19. 钱没了
“张启山,你这个黑心烂肺、忘恩负义的狗东西!给我滚出来!”
“那是老娘起早贪黑,辛苦挣的血汗钱!你连穷人的钱都抢,你还是不是人!”
“王八蛋!土匪!强盗!”
“触景生情你就占了两个字是吧!”
“青天白日的抢钱,你的良心被狗吃了?!”
……
张府大门纹丝不动,门前的守卫眼观鼻鼻观心,站得跟木头桩子似的,仿佛全成了聋子,根本听不见门外有人在骂他们长官。
风明之骂得口干舌燥,见里面毫无反应,更气了。
以对方祖宗为半径骂了至少半个小时,紧闭的大门终于打开了。
张启山的身影出现在门内,手里端着一杯热茶,他将手里的茶递给风明之:“骂了这么久渴不渴,要不要喝点茶水润润嗓子?”

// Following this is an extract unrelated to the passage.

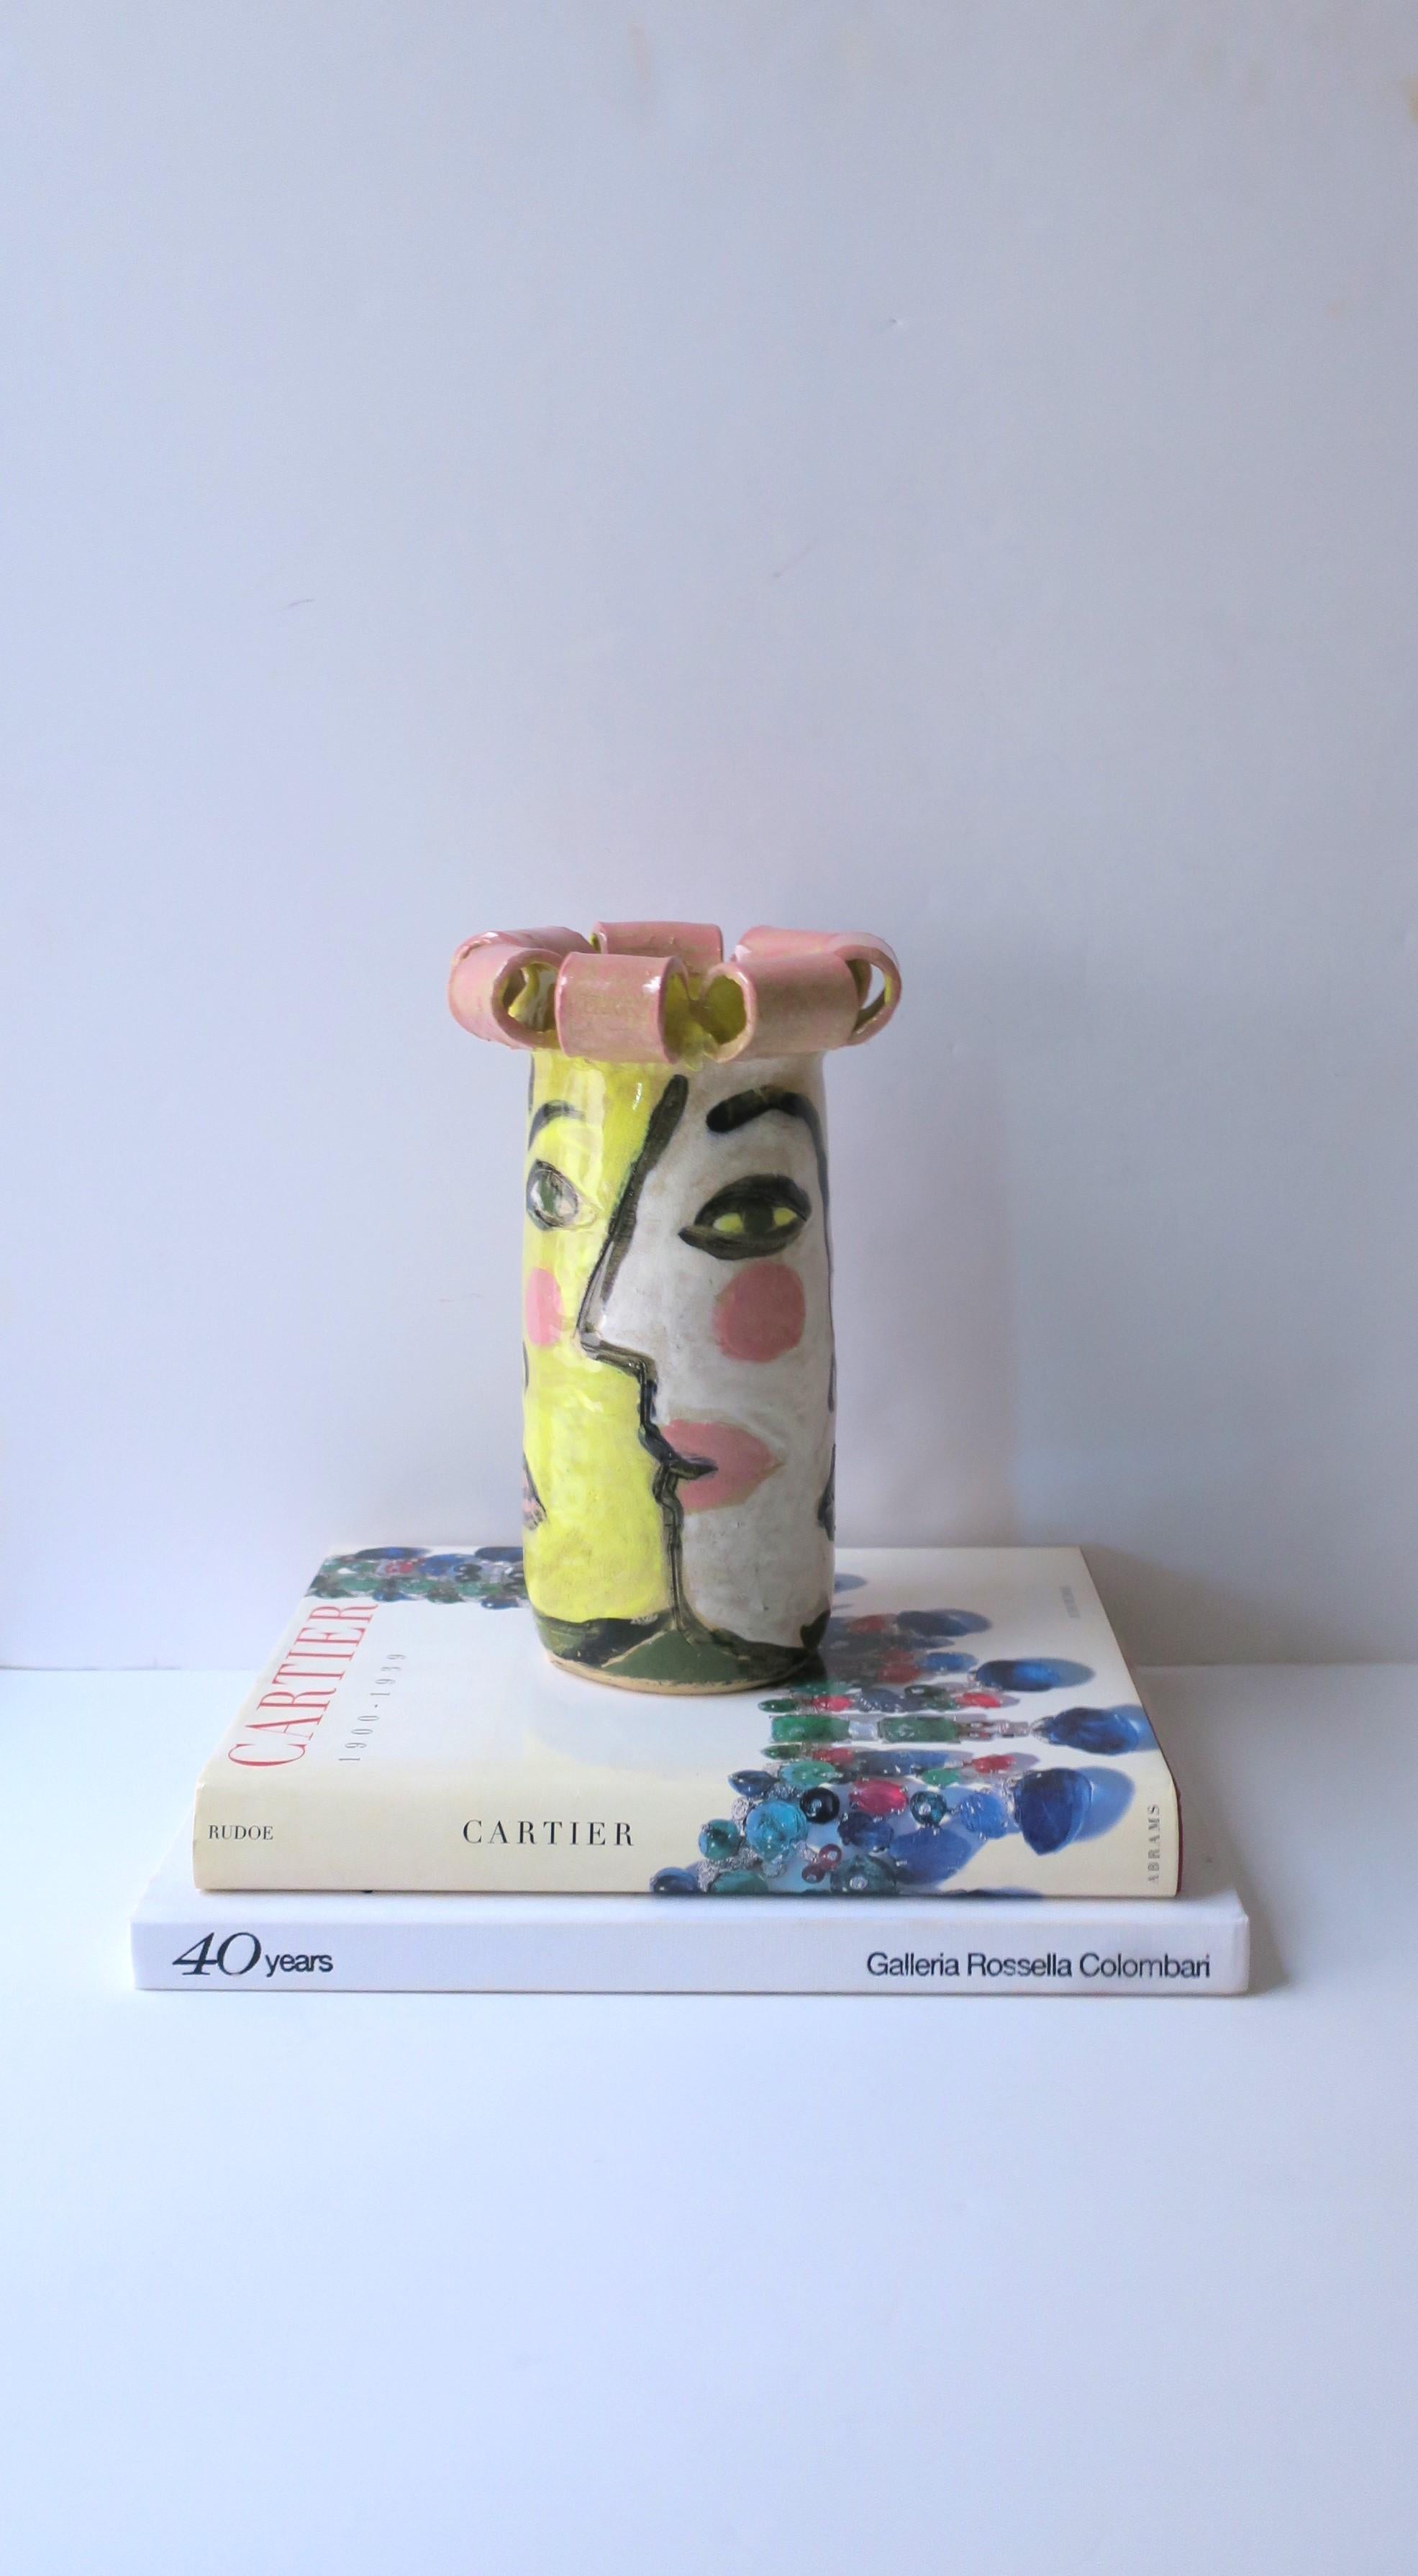 Modern Cubist Face Studio Pottery Sculpture Vase in the Style of Picasso, 1989 For Sale

风明之见他这副火气大多喝点丝瓜汤的态度,火噌地一下蹿上来,几步冲到他面前抓住他的衣领,“少装蒜,把钱还我!”
张启山被拉得弯下腰,把手里溅出不少水的茶杯递给身旁的张小鱼,不紧不慢道:“这话从何说起,在下何时拿过你的钱。”
风明之气得跳脚:“我放在齐铁嘴那儿的钱,不是你拿的,难不成是狗拿的?”
“哦”张启山恍然大悟似的点点头,“你说那些啊。”
他顺着风明之的力道略略俯身,黑沉沉的眼睛直勾勾地看着她:“你的那份我不是留下了吗。”
风明之一口老血差点喷出来,说好的三七分。
结果就给她留了几箱子,合着她才是那个三是吧。
“更何况,”张启山掰开她的手,直起身,“那些人违法开设赌场谋财害命不说,竟还敢在光天化日之下当街行凶。我身为长沙布防官铲除这些毒瘤,保护城内百姓的安全乃是分内之职。”
风明之只觉得眼前这个人真是越看越可恶,从兜里掏出来路上顺手捡来的臭鸡蛋,朝着他的脸砸过去。
“我让你给我挖坑!我让你分内之责!”
鸡蛋一个接一个朝张启山此刻格外可恨的脸扔过去。
张启山脚步微错,灵活躲开。
鸡蛋“啪啪”几声,砸在他身后的地上门上,腥臭的蛋液流了一地。
张启山看了眼脏了的大门,又抬眼看向恨不得将他生吞活剥的风明之。
看着她气得跳脚的模样,张启山忽然觉得,这真是比抄十个赌场还有意思。
怪不得这人总喜欢捉弄他。
“袭扰官员府邸,辱骂军官,按规矩少说也得在大牢里蹲上十天半个月。不过……” 张启山话锋一转,“看在你这次你也算是帮忙的份上,便不与你计较。”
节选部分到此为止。